- Los Luceros
- Coordinates: 36°07′18″N 106°02′05″W﻿ / ﻿36.12167°N 106.03472°W
- Country: United States
- State: New Mexico
- County: Rio Arriba

Area
- • Total: 1.66 sq mi (4.31 km^{2})
- • Land: 1.64 sq mi (4.25 km^{2})
- • Water: 0.027 sq mi (0.07 km^{2})
- Elevation: 5,709 ft (1,740 m)

Population (2020)
- • Total: 891
- • Density: 543.5/sq mi (209.84/km^{2})
- Time zone: UTC-7 (Mountain (MST))
- • Summer (DST): UTC-6 (MDT)
- Area code: 505
- GNIS feature ID: 2584144

= Los Luceros, New Mexico =

Los Luceros is an unincorporated community and census-designated place in Rio Arriba County, New Mexico, United States. As of the 2020 census, Los Luceros had a population of 891.

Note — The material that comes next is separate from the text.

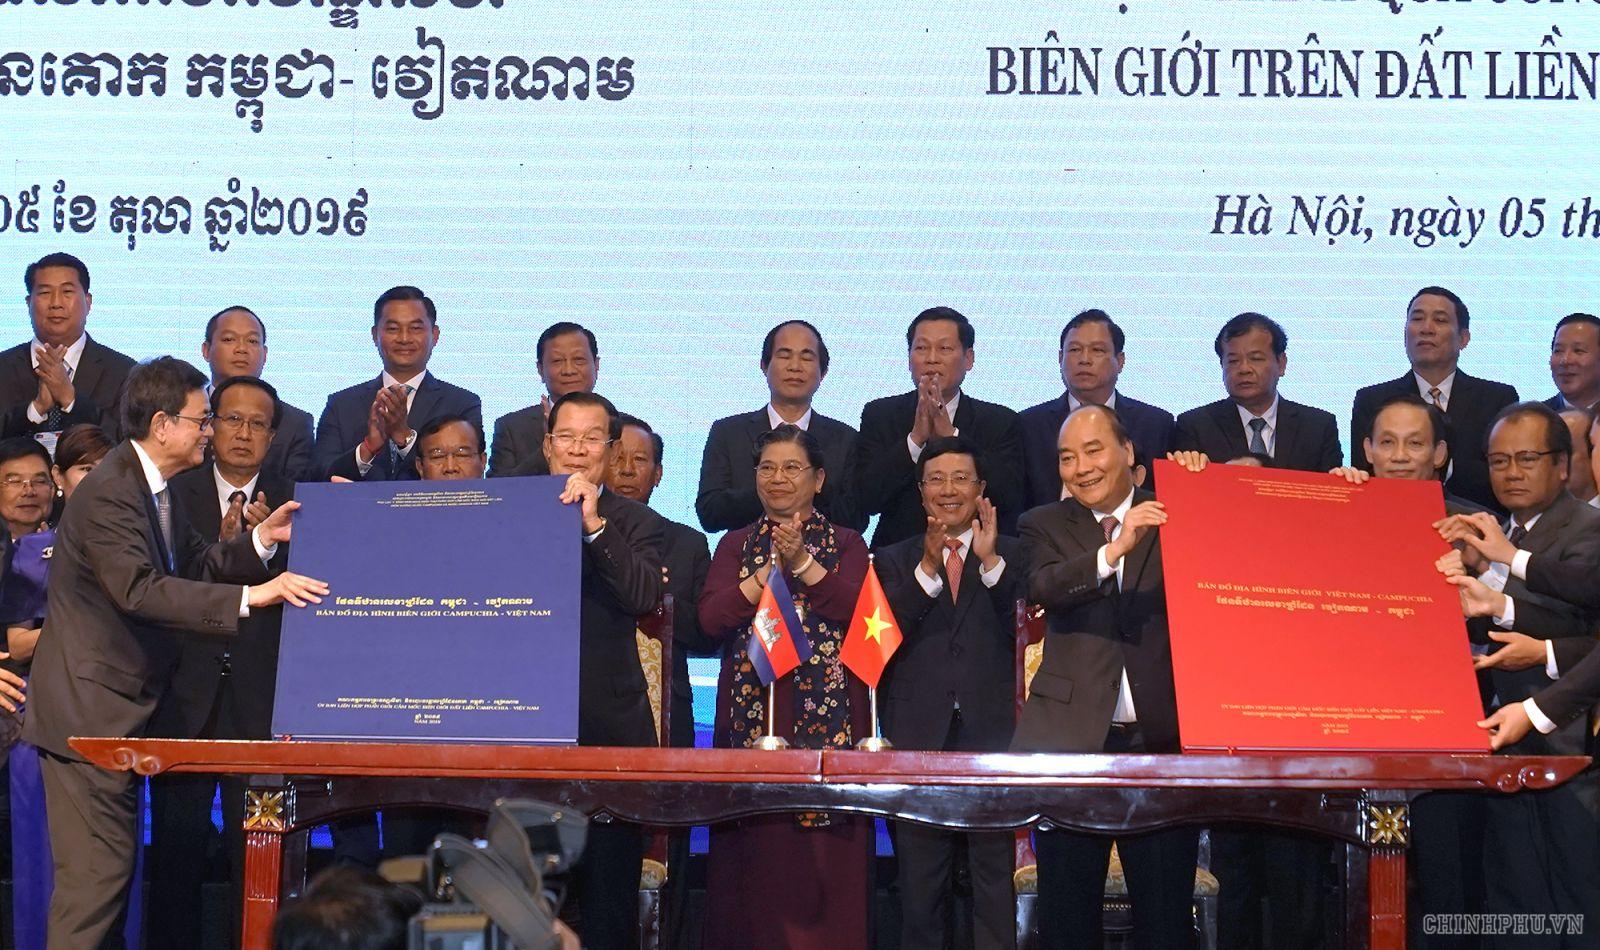 Hai Thủ tướng chứng kiến lễ ký Phụ lục bản đồ đính kèm Nghị định thư phân giới cắm mốc biên giới trên đất liền giữa Việt Nam và  Campuchia. Ảnh: VGP/Quang Hiếu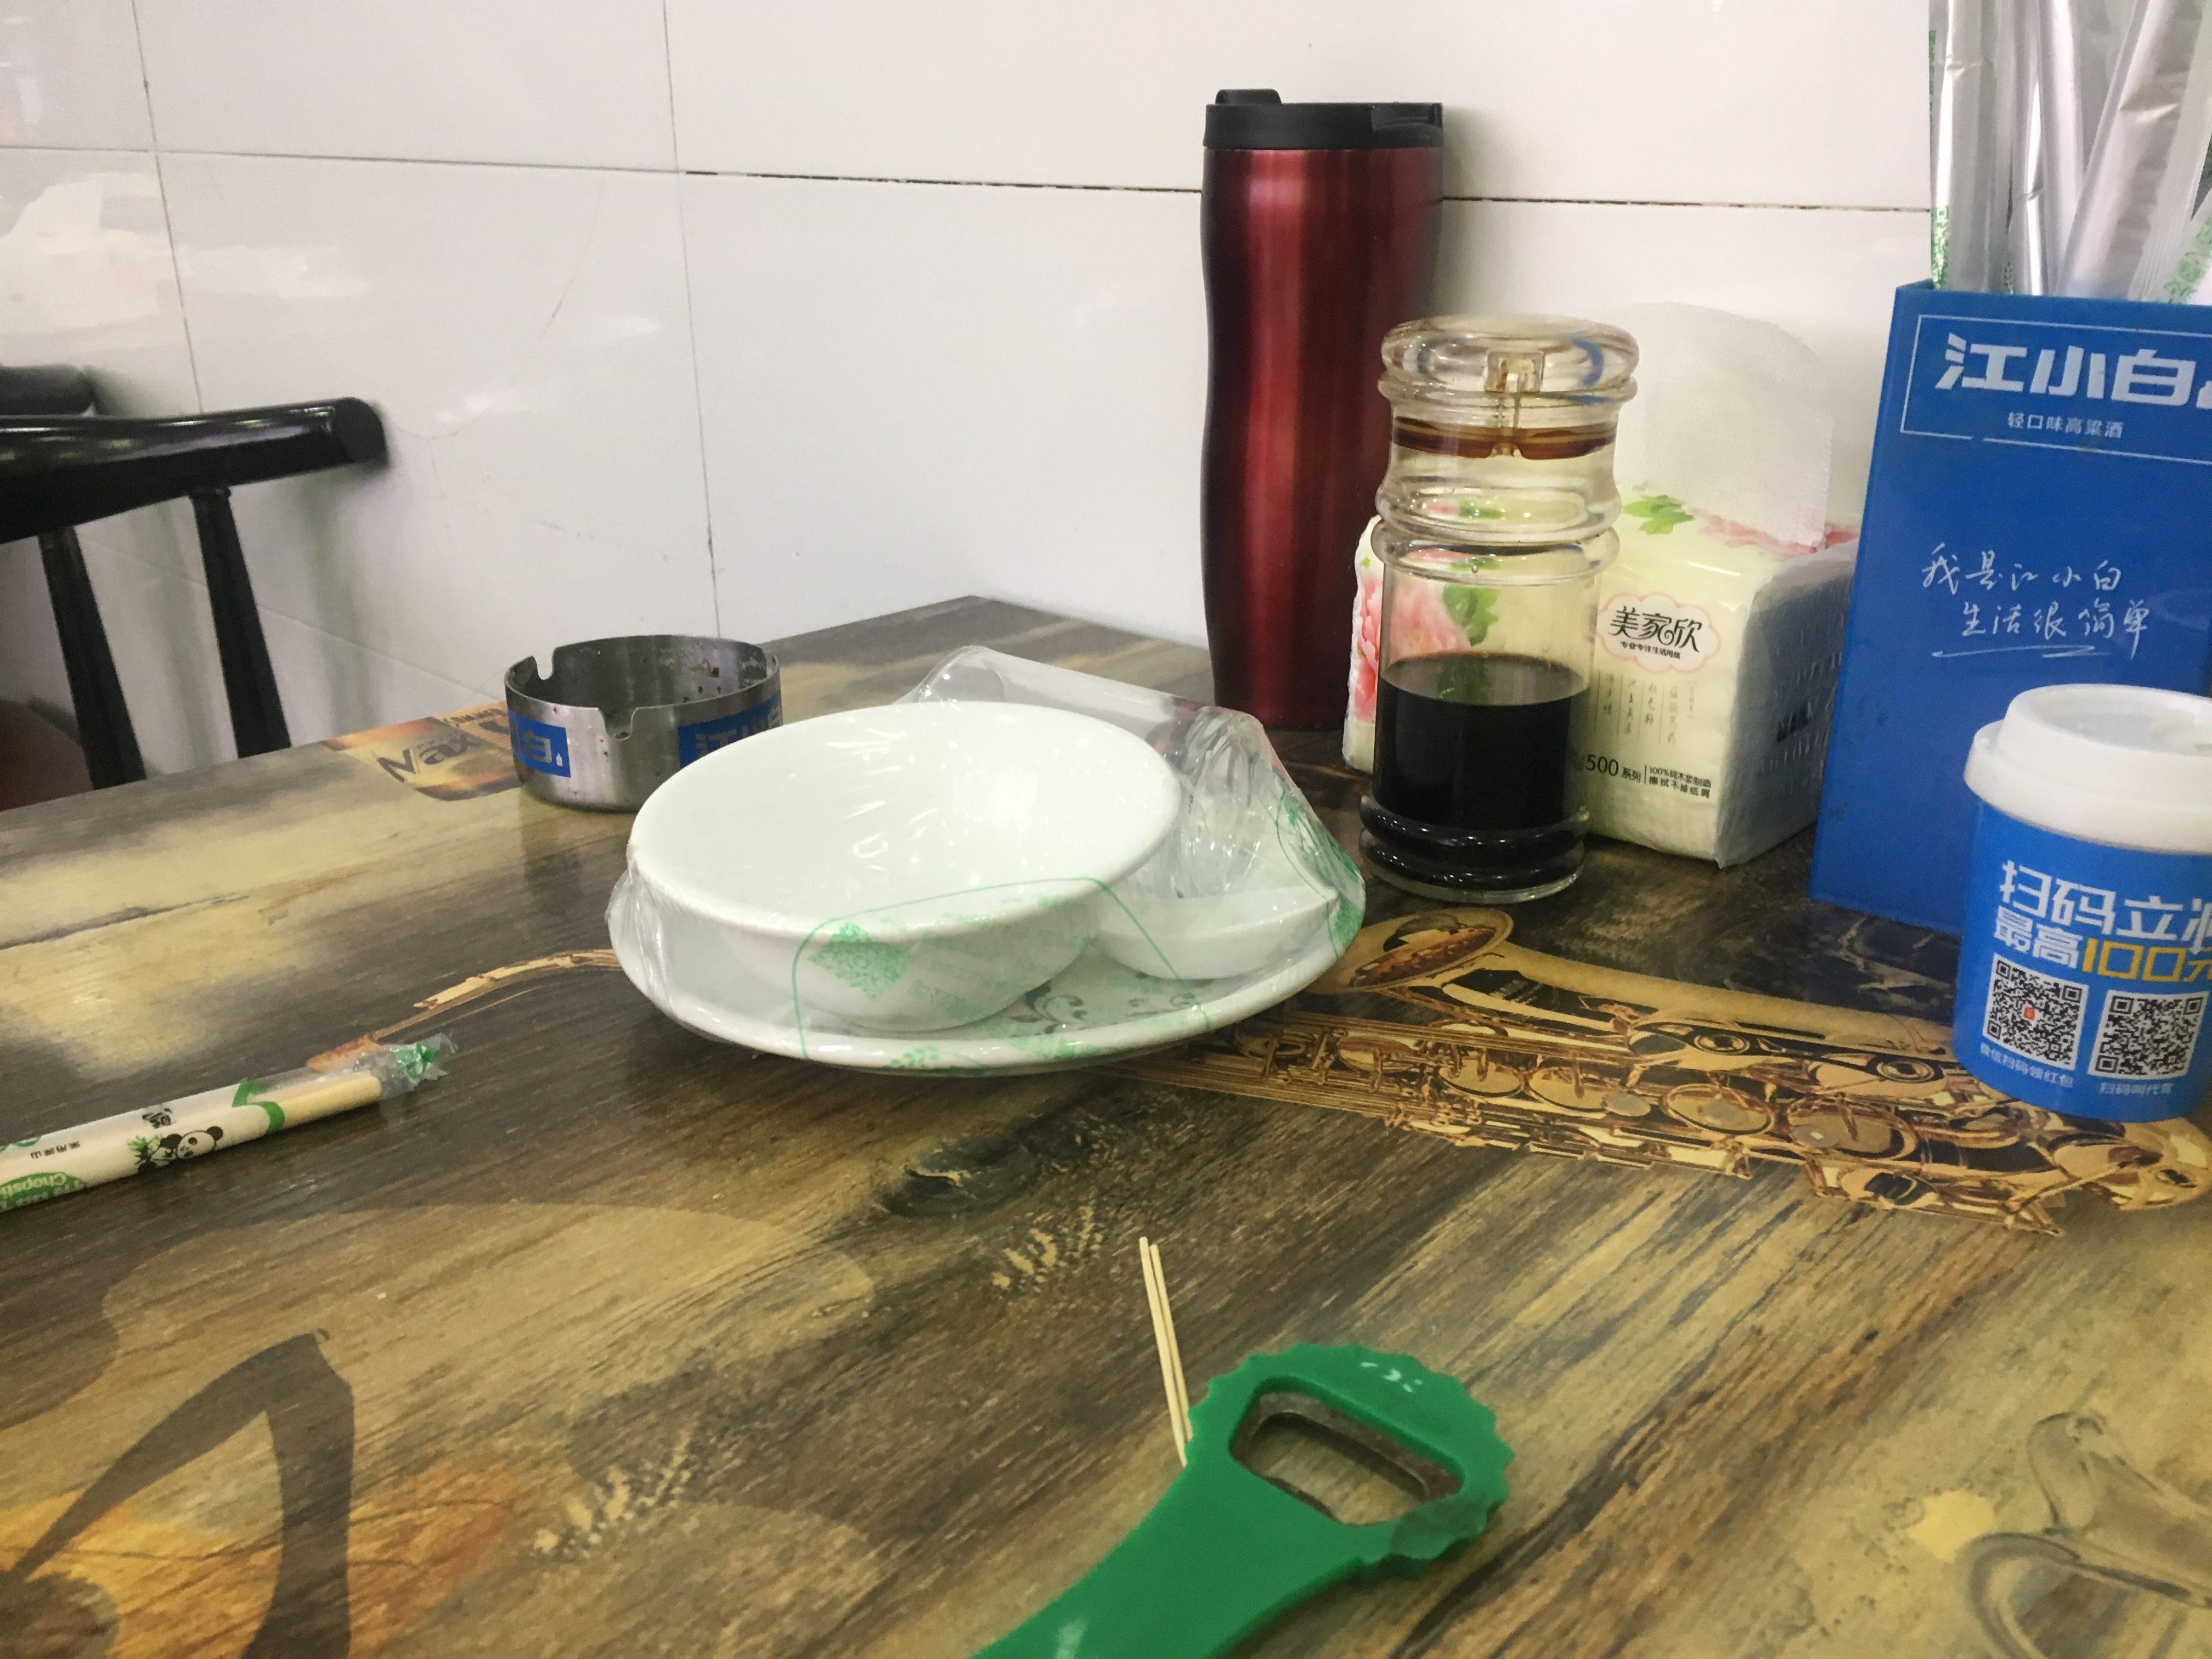 Plastic sealed crockery at Ningbo cafe

It includes or is close to Los Luceros Hacienda, a historic plantation with chapel that is listed on the National Register of Historic Places.
==Geography==

According to the U.S. Census Bureau, the community has an area of 1.661 mi2; 1.635 mi2 of its area is land, and 0.026 mi2 is water.

==Demographics==

Historical population
| Census | Pop. | Note | %± |
| 2020 | 891 |  | — |
U.S. Decennial Census

==Education==
It is in Española Public Schools. The comprehensive public high school is Española Valley High School.